WORK INSTRUCTION. All of the data should be reproduced word for word, though its pictures must be omitted.

COLLECTED DATA.
□ □ □ □
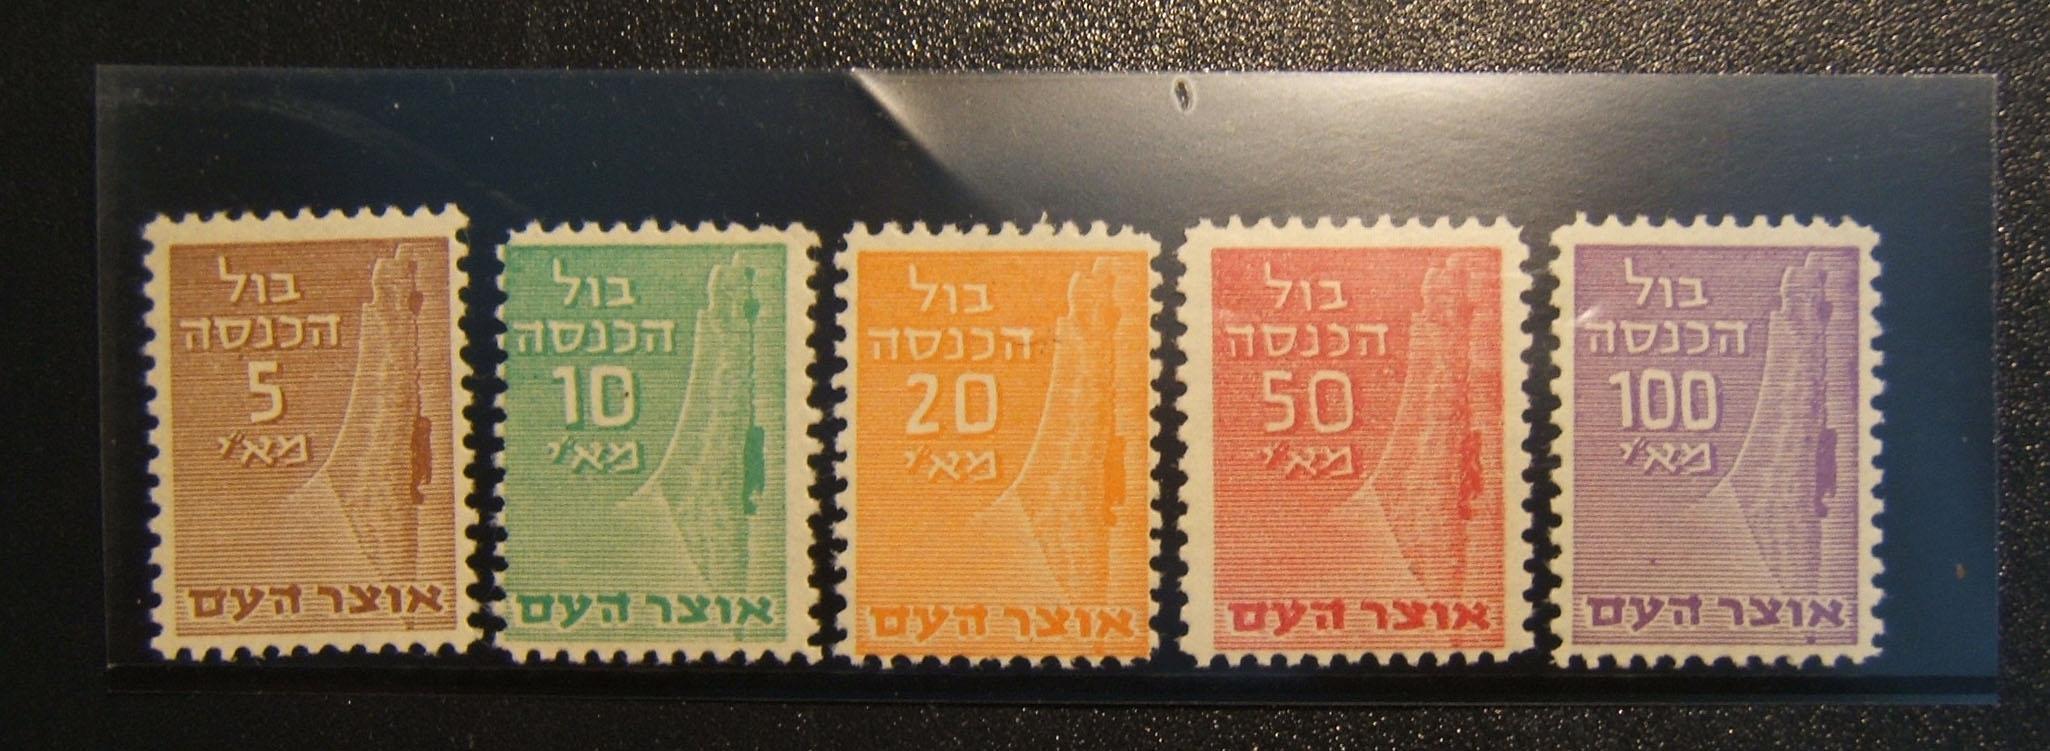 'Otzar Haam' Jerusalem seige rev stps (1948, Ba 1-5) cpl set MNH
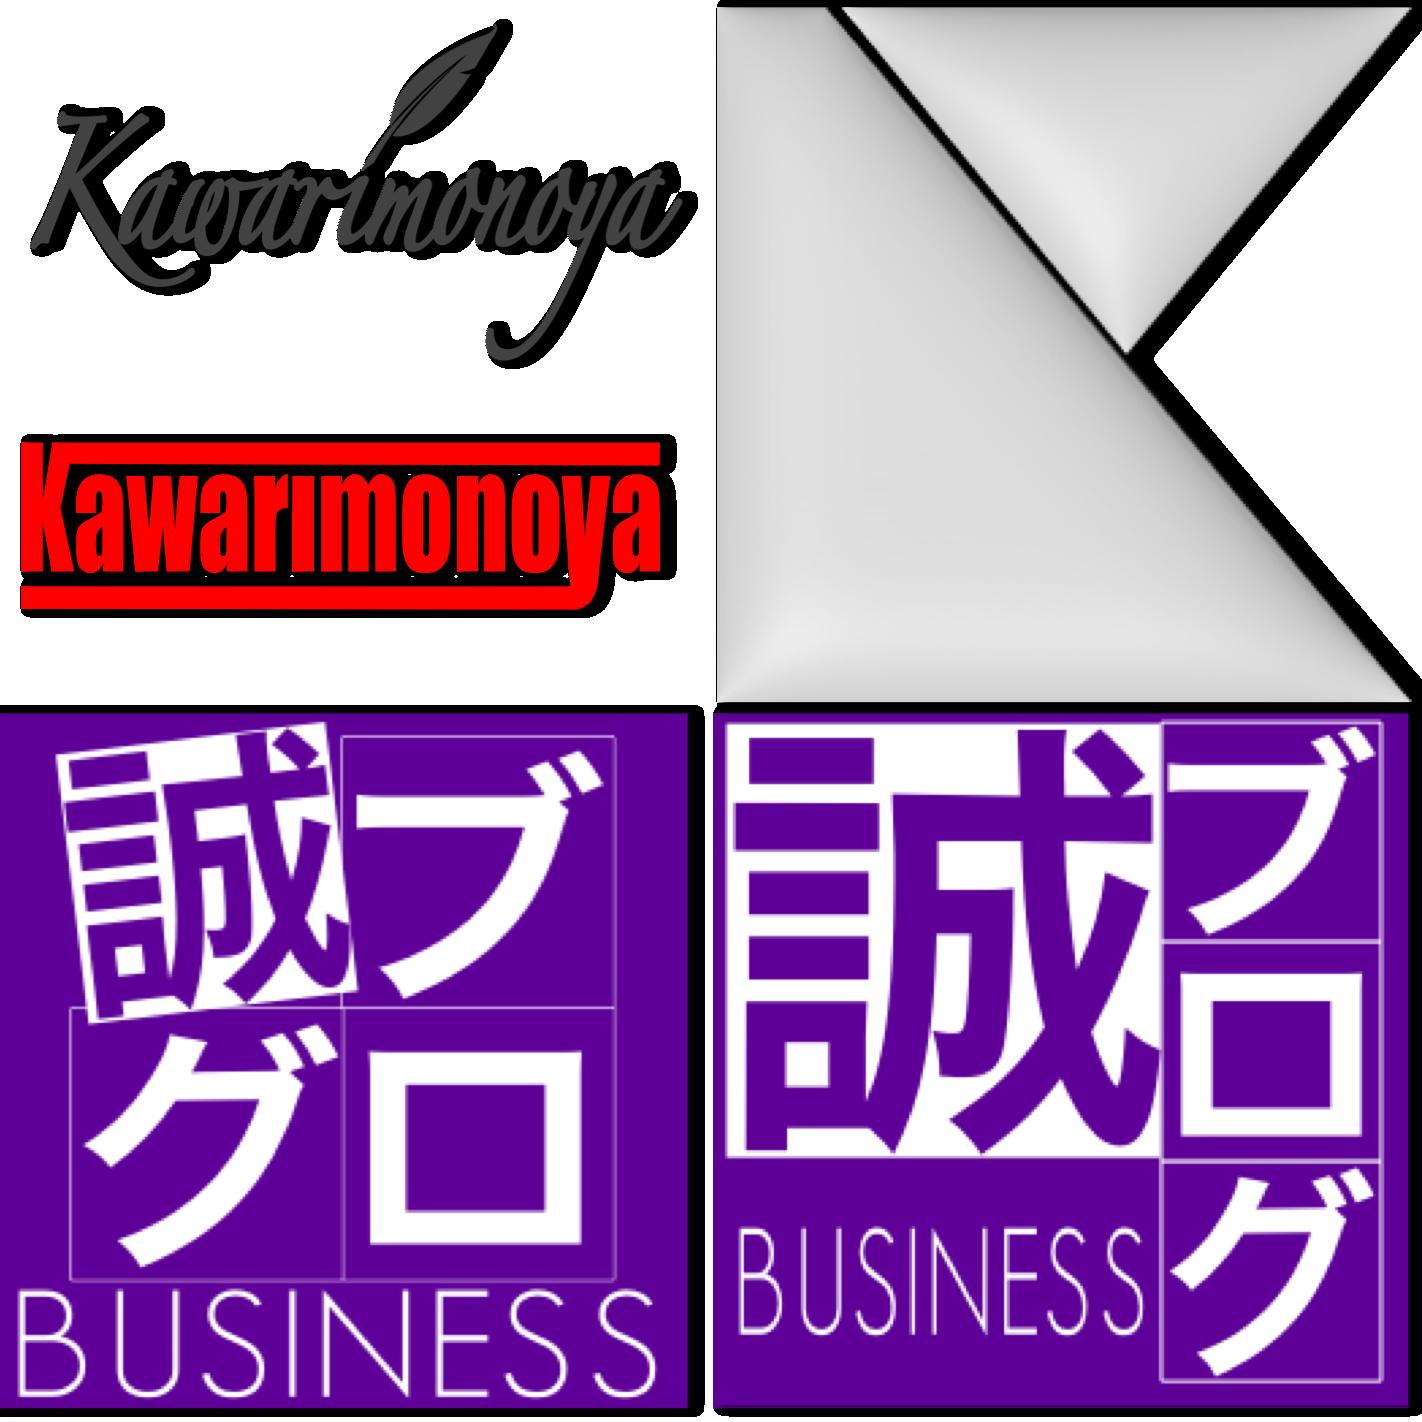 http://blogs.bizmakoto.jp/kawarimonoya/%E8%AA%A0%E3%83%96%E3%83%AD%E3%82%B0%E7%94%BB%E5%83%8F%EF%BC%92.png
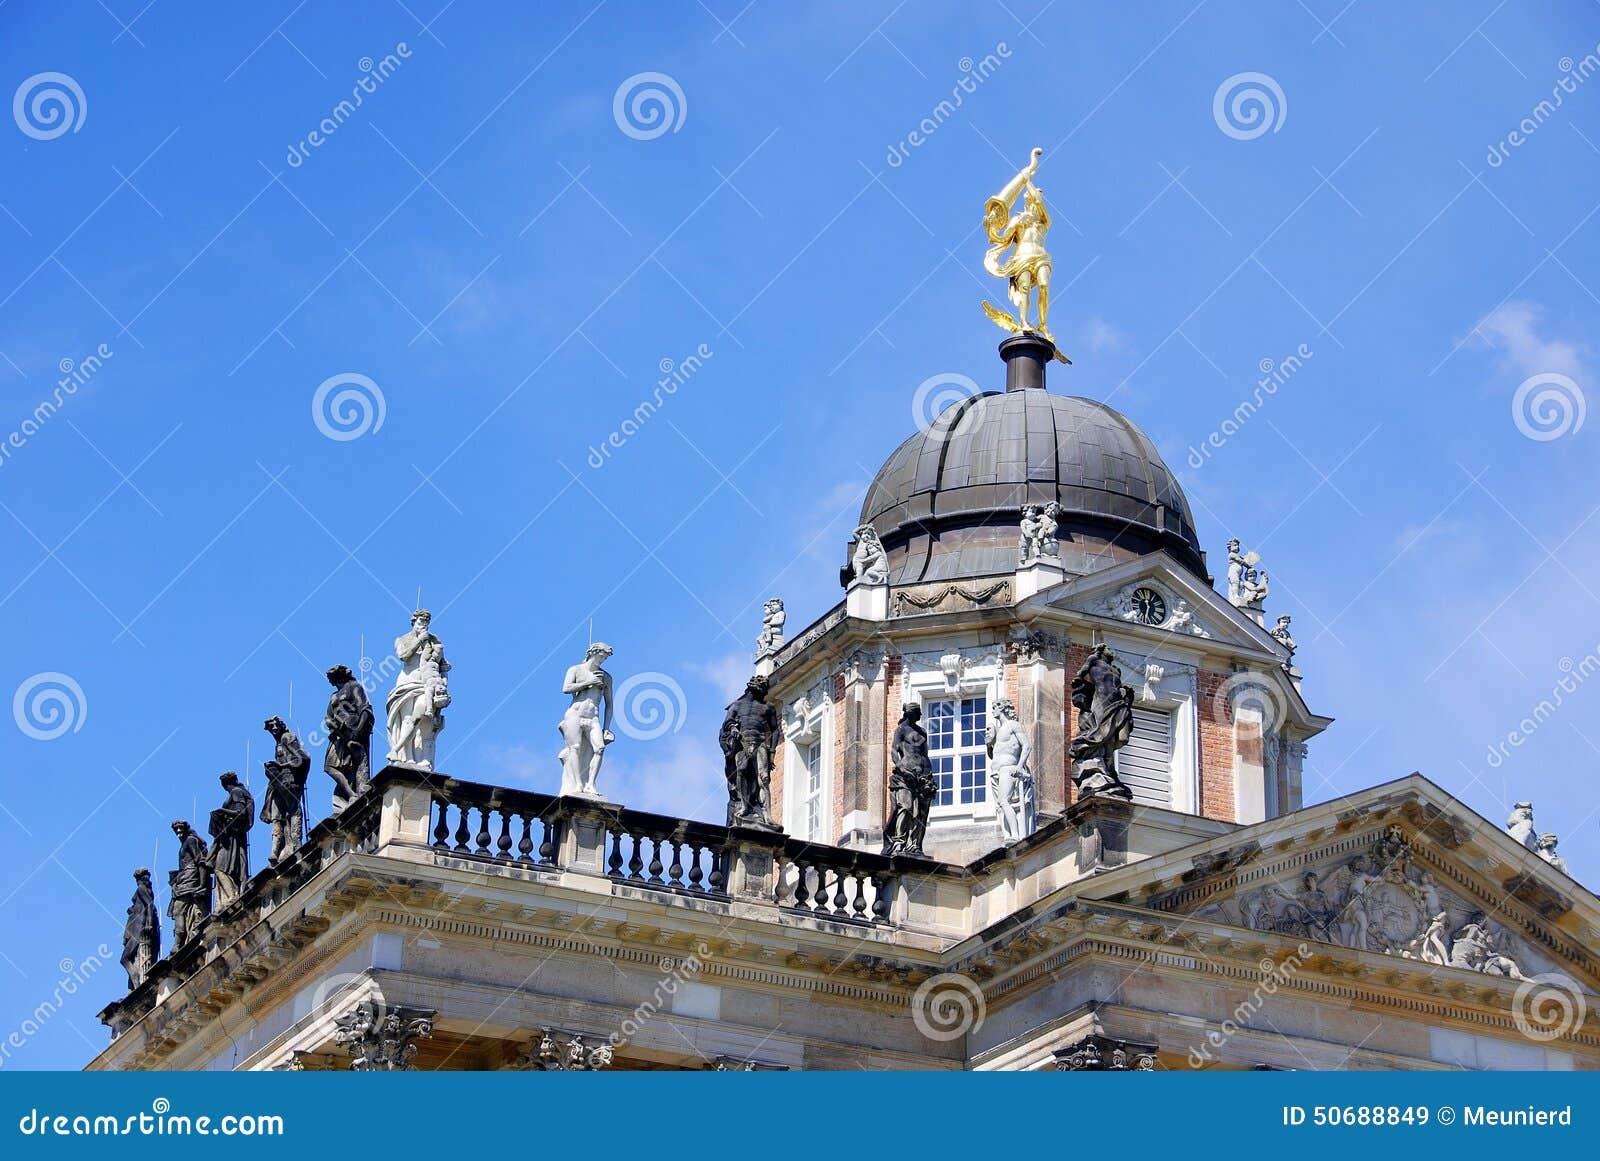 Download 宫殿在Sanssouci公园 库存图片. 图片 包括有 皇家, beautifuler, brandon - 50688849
□ □ □ □
REPLY TO THE TASK.
 'Otzar Haam' Jerusalem seige rev stps (1948, Ba 1-5) cpl set MNH
 http://blogs.bizmakoto.jp/kawarimonoya/%E8%AA%A0%E3%83%96%E3%83%AD%E3%82%B0%E7%94%BB%E5%83%8F%EF%BC%92.png
 Download 宫殿在Sanssouci公园 库存图片. 图片 包括有 皇家, beautifuler, brandon - 50688849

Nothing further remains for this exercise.